> Task to complete: Among the entries that follow, locate the line with "KWH bride Tash" and the line with "Sweety for Kids". Output those lines and all lines in between, exactly, minus the pictures.

> Records shown:
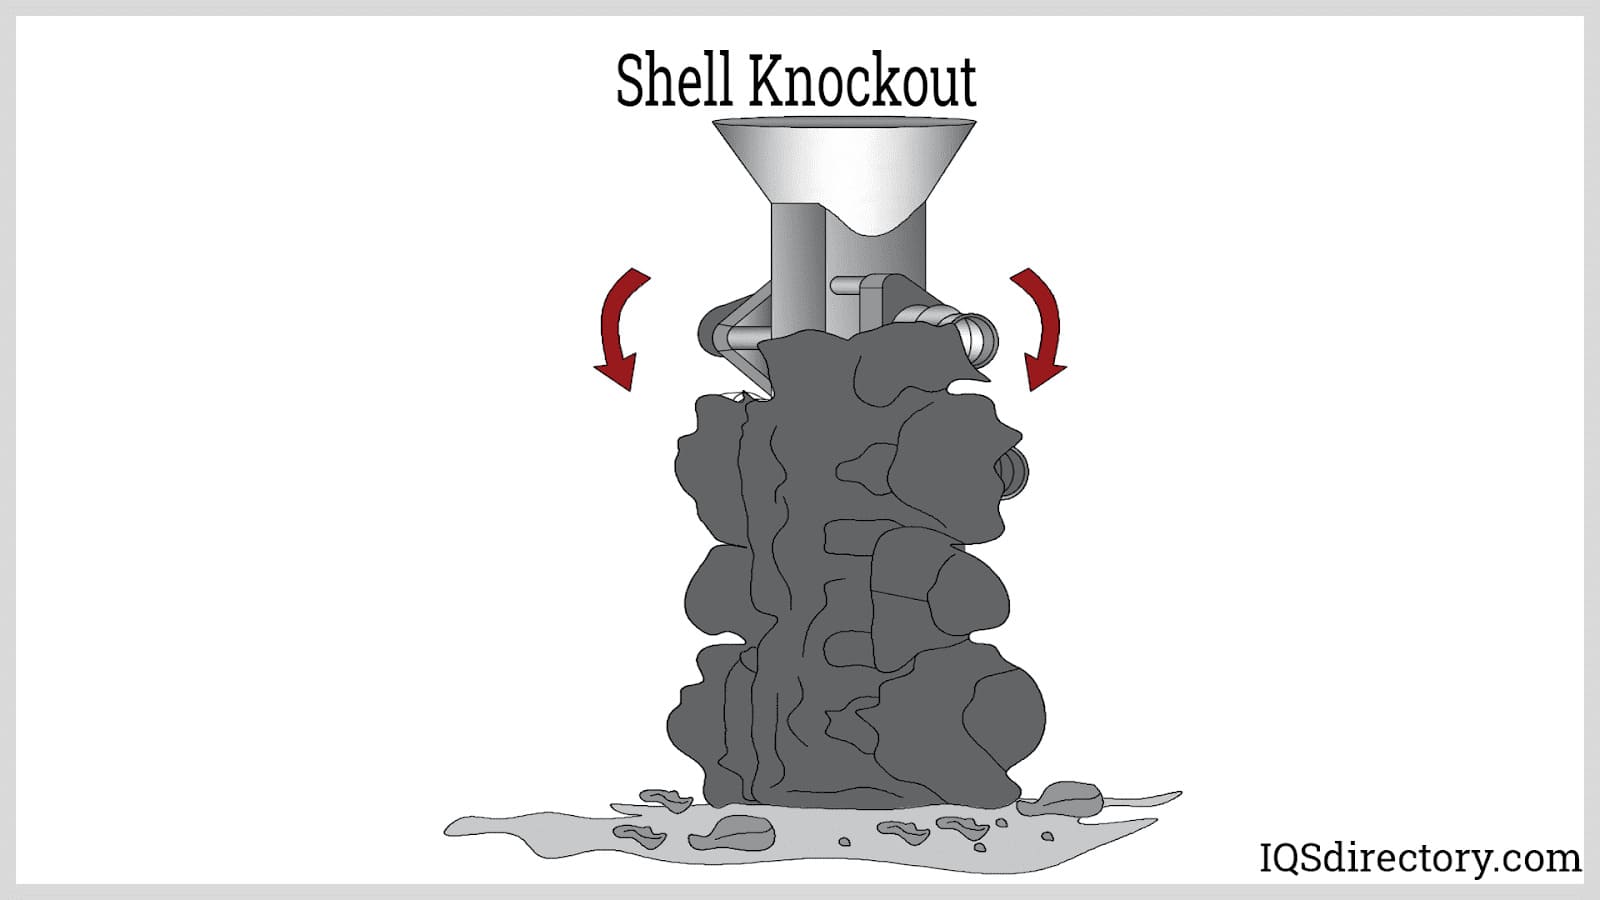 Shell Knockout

==

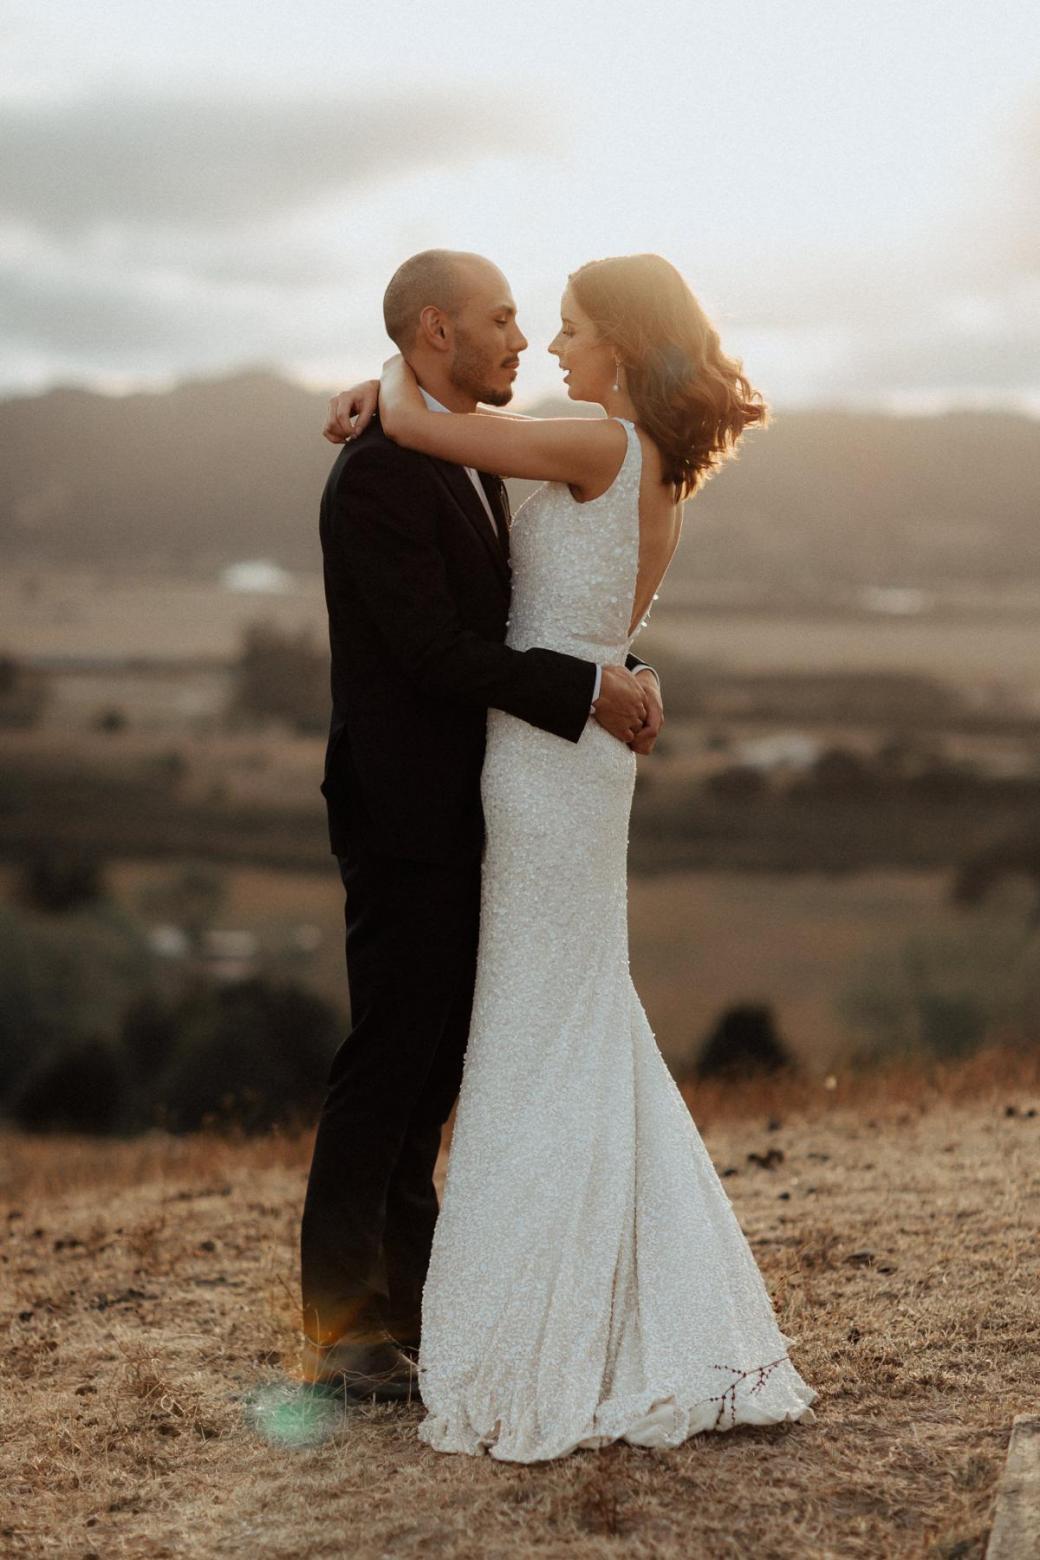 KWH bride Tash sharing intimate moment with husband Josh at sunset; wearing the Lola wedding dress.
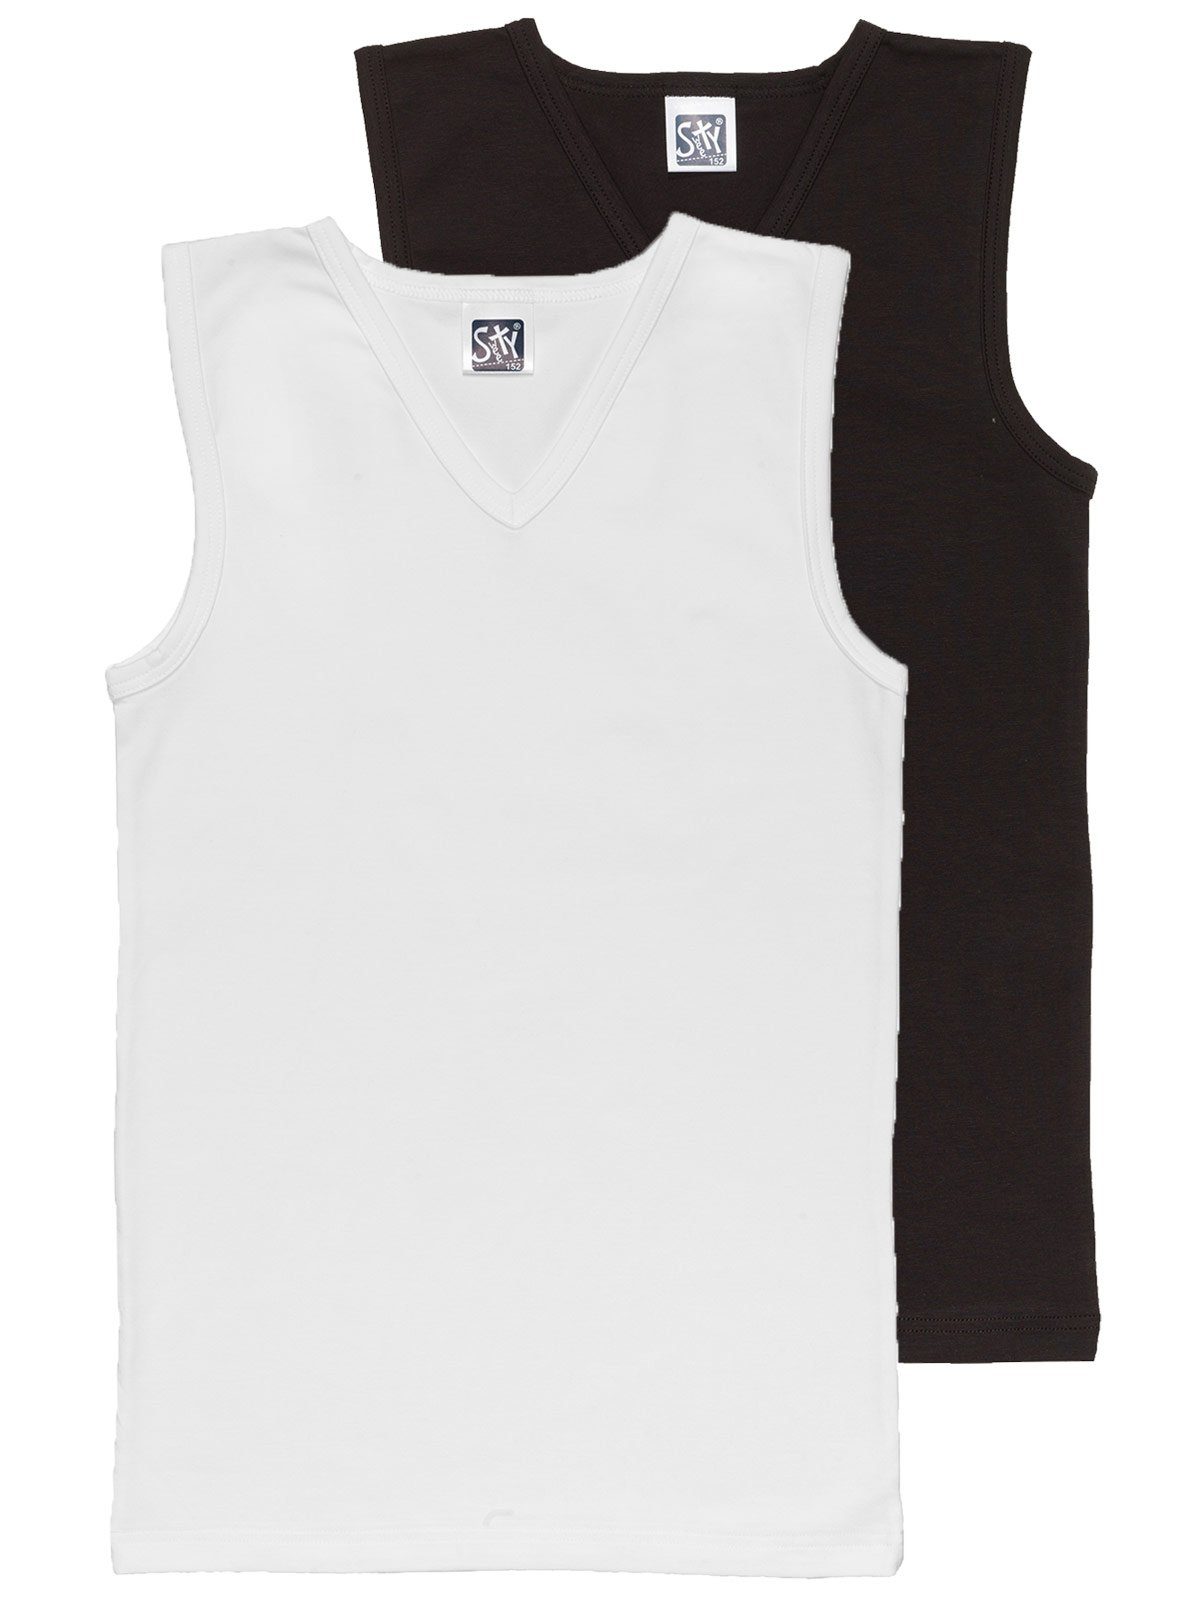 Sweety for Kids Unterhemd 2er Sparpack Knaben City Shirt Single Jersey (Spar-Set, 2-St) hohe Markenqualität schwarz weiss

> Answer space:
 KWH bride Tash sharing intimate moment with husband Josh at sunset; wearing the Lola wedding dress.
 Sweety for Kids Unterhemd 2er Sparpack Knaben City Shirt Single Jersey (Spar-Set, 2-St) hohe Markenqualität schwarz weiss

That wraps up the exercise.